To inspect available symbols at runtime:
```python
import survival
public_names = [name for name in dir(survival) if not name.startswith("_")]
print(public_names)
```
## PSpline Options
The `PSpline` class provides penalized spline smoothing:
**Constructor Parameters:**
- `x`: Covariate vector (list of floats)
- `df`: Degrees of freedom (integer)
- `theta`: Roughness penalty (float)
- `eps`: Accuracy for degrees of freedom (float)
- `method`: Penalty method for tuning parameter selection.
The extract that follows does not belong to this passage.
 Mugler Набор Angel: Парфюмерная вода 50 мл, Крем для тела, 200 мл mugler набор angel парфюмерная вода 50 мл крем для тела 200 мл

Supported methods:
- `"GCV"` - Generalized Cross-Validation
- `"UBRE"` - Unbiased Risk Estimator
- `"REML"` - Restricted Maximum Likelihood
- `"AIC"` - Akaike Information Criterion
- `"BIC"` - Bayesian Information Criterion
- `boundary_knots`: Tuple of (min, max) for the spline basis
- `intercept`: Whether to include an intercept in the basis
- `penalty`: Whether or not to apply the penalty
**Methods:**
- `fit()`: Fit the spline model, returns coefficients
- `predict(new_x)`: Predict values at new x points
**Properties:**
- `coefficients`: Fitted coefficients (None if not fitted)
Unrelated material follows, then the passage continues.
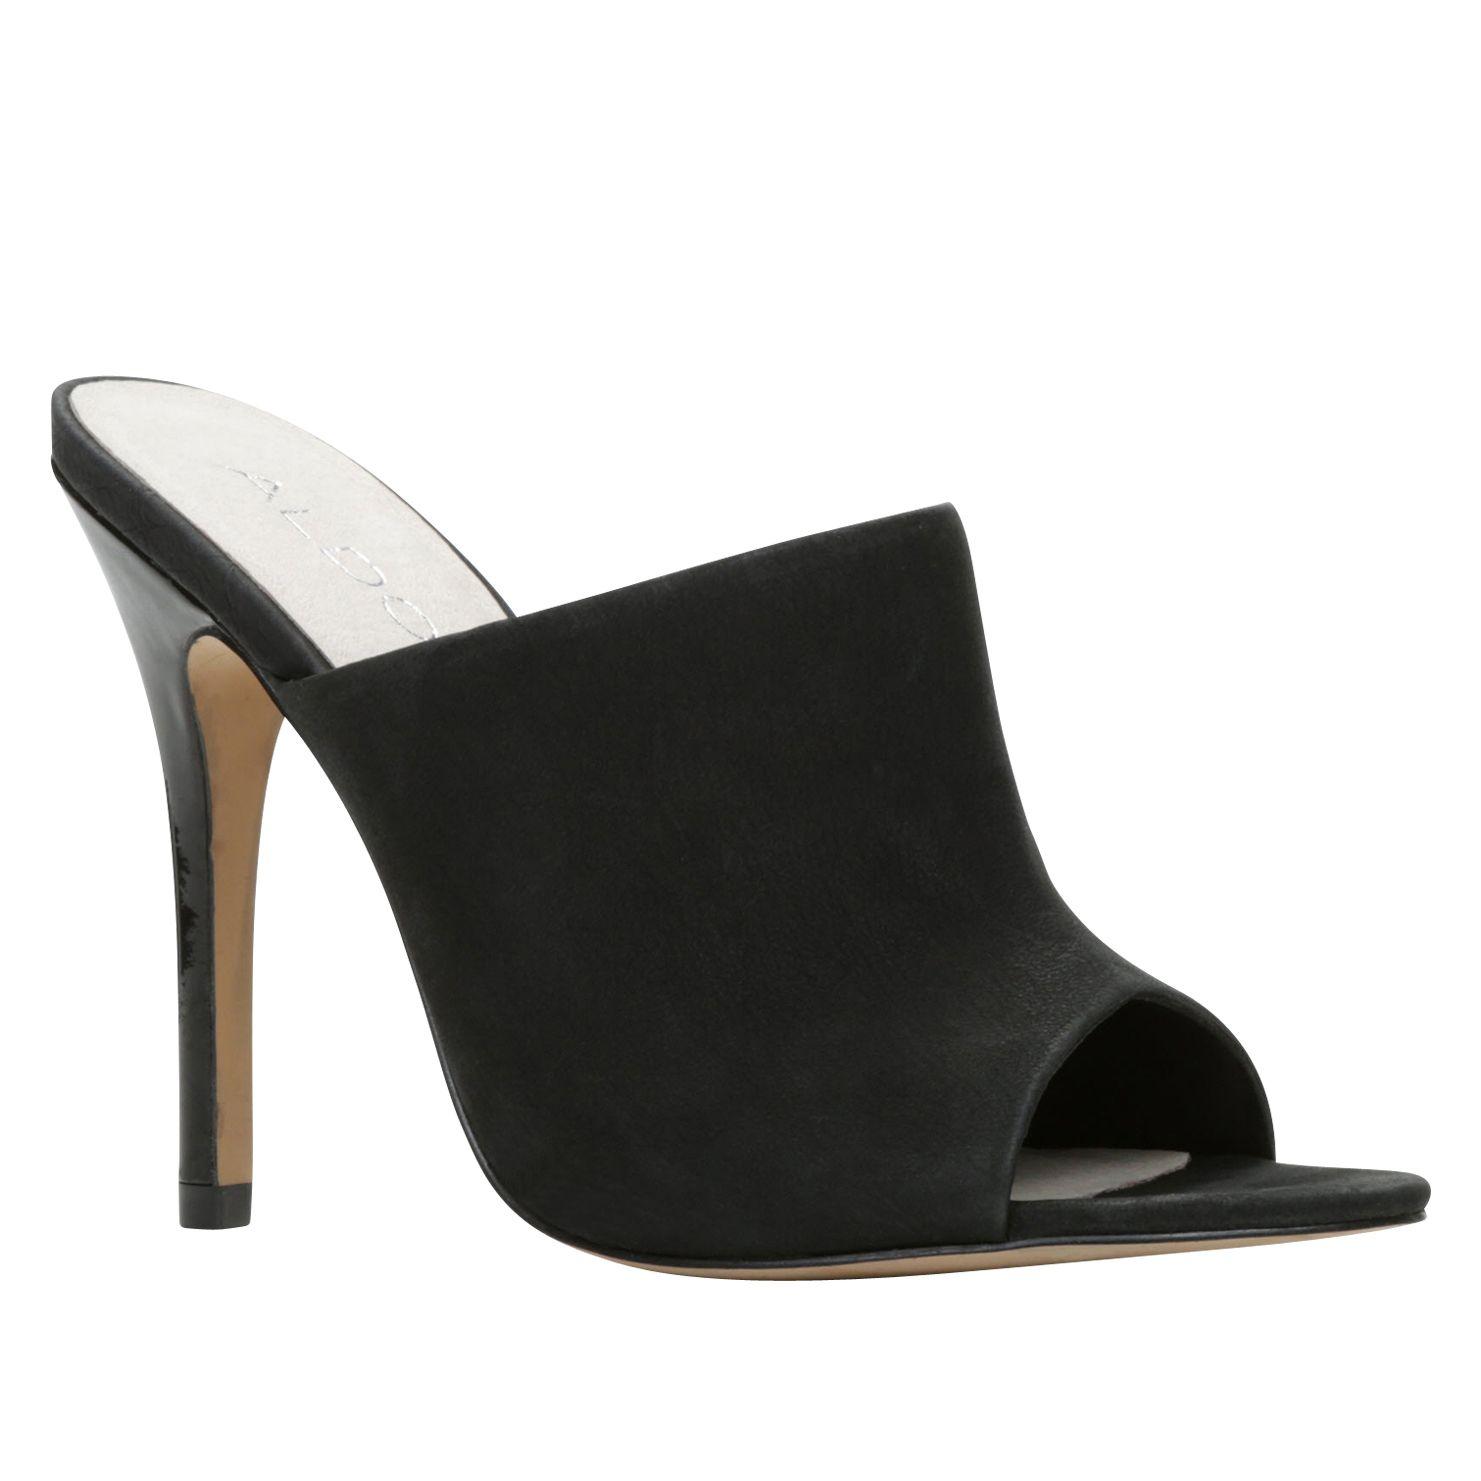 aldo hamaliel peep toe high heel sandals in black lyst

- `fitted`: Whether the model has been fitted
- `df`: Degrees of freedom
- `eps`: Convergence tolerance
## Development
Install development dependencies:
```sh
pip install -e ".[dev,test,sklearn]"
```
Build the extension in your current environment:
```sh
maturin develop --release
```
Build the Rust library:
```sh
cargo build
```
Run Rust tests:
```sh
cargo test
```
Run Python tests:
```sh
pytest test python/tests
```
Format and lint:
```sh
cargo fmt
ruff check .
```
The codebase is organized with:
- Core routines in `src/`
- Rust/Python tests in `test/` and `python/tests/`
- Python bindings using PyO3
## Dependencies
Primary dependencies are defined in [`Cargo.toml`](Cargo.toml) and
[`pyproject.toml`](pyproject.toml), including:
- [PyO3](https://github.com/PyO3/pyo3) and [maturin](https://github.com/PyO3/maturin) for Python bindings
- [numpy](https://numpy.org/) and [ndarray](https://github.com/rust-ndarray/ndarray) for array interop
- [faer](https://github.com/sarah-ek/faer-rs), [rayon](https://github.com/rayon-rs/rayon), and [burn](https://github.com/tracel-ai/burn) for numerical compute
## Compatibility
- This build is for Python only. R/extendr bindings are currently disabled.
- Python 3.11+ and Rust 1.93+ are required.
- macOS users: Ensure you are using the correct Python version and have Homebrew-installed Python if using Apple Silicon.
## License
This project is licensed under the MIT License - see the [LICENSE](LICENSE) file for details.